The Ducks’ defensemen are suspect. Plenty will be said about the ’Hawks rolling four defensemen for well over 20 minutes a night in each of these games. But it’s something Duncan Keith, Brent Seabrook, Niklas Hjalmarsson and Johnny Oduya are used to doing. Larger concerns for Chicago are what it can get out of Kimmo Timonen now that he’ll need to crack double-digit minutes, and how Rundblad can adjust in his first career playoff action.

Having said that, the ’Hawks still have an advantage on defense. The Ducks’ D corps isn’t awful. It’s sort of just … there. Clayton “I’ll Probably Hit Marian Hossa in the Face for Fun” Stoner and Sami Vatanen have received very soft zone starts thus far in the playoffs, with both above 12 percent in offensive vs. defensive zone start percentage. And they’re still both under 49 percent in possession. (For reference, Timonen is above 52 percent with a offensive zone start percentage of more than 35). The other four defensemen — Cam Fowler, Francois Beauchemin, Simon Despres and Hampus Lindholm — are all better than 54 percent possession-wise in these playoffs. But, as we can recall, some soft opposition from a possession standpoint definitely boosted those numbers. In fact, none of Anaheim’s six defensemen had a Corsi-for percentage better than 52 during the regular season except Despres, who cracked 53 in just 16 games with the Ducks after being traded from Pittsburgh. For the sake of comparison, four of the ’Hawks’ six defensemen were better than 52 percent in this area during the regular season (Oduya was better than 51, while Timonen was around 46 in 16 games).

So, the Anaheim defensemen are just there. And they haven’t truly been tested yet in these playoffs. The ’Hawks’ forwards should certainly attack Stoner and Vatanen whenever possible, but all six of these defensemen were merely breakeven during the regular season. They are able to be defeated.

Mandatory Credit: Marilyn Indahl-USA TODAY Sports

Crawford is better than Andersen. When these playoffs first started and we were trying to figure out whether the ’Hawks or Predators had the advantage in net, one thing that was pointed to was Crow’s playoff experience and his leading of the team to the 2013 Cup. That really is the difference here. This is Andersen’s first NHL playoff run. This is also his first season as the go-to goalie for a big league team. He’s certainly done well, posting a .914 save percentage in the regular season and a .925 in the playoffs. But Crawford is better in both departments with a .916 regular-season mark and a .932 playoff figure.

We all know what Crow brings to the table, typically forgoing flashy saves for sound positioning and good post-to-post movement.
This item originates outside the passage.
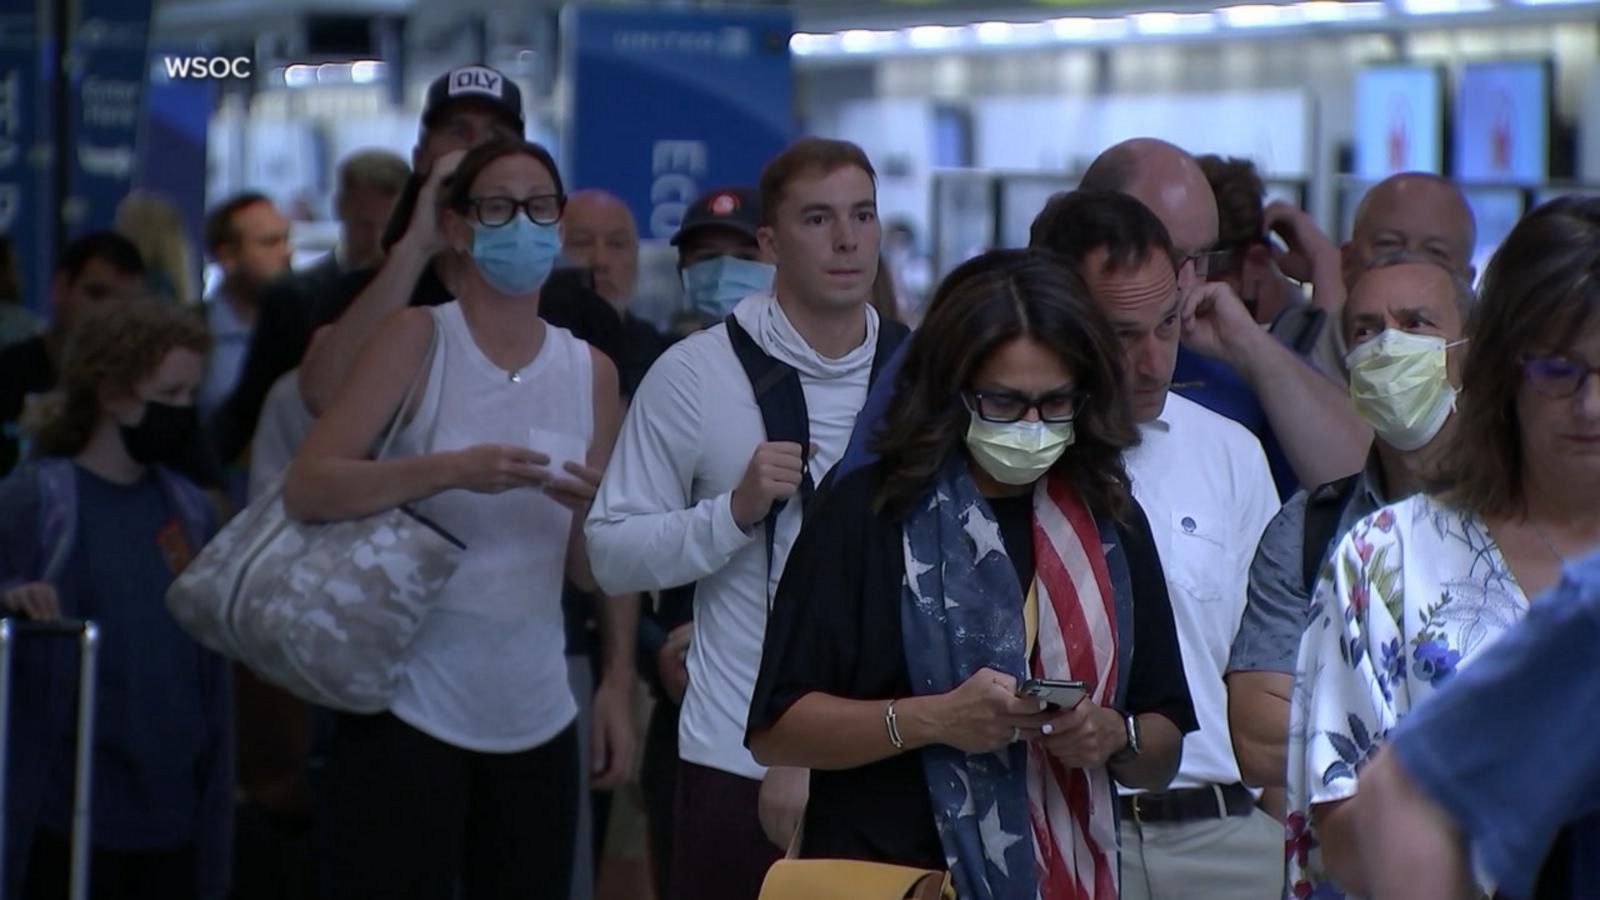 VIDEO: Travel chaos as record number of Americans expected to return home after July 4

Andersen is a tougher study, as the ’Hawks haven’t seen him much in person. They did defeat him twice this regular season, in both 4-1 Chicago triumphs. While the ’Hawks faced two tall goalies in the last two rounds, Andersen is just plain big. He checks in at 6-foot-3 (an inch taller than Crow) and 236 pounds (20 pounds heavier than Crow). Getting him moving would seem like a wise play, as it should be tougher for Andersen to get from side to side with the extra weight on his frame. According to this scouting report, Andersen was most frequently beaten pad side and 5-hole during the regular season. Many of the ’Hawks often find themselves shooting low, so that is a nice advantage. Plus, Chicago has been shooting high more often these playoffs thanks to its recent opponents’ struggles stopping such shots. So the book on Andersen should be easier for the ’Hawks to solve than the book on Crow will be for the Ducks. Ultimately, that factor and overall experience make Crow a favorite in net for this series. And goaltending wins series.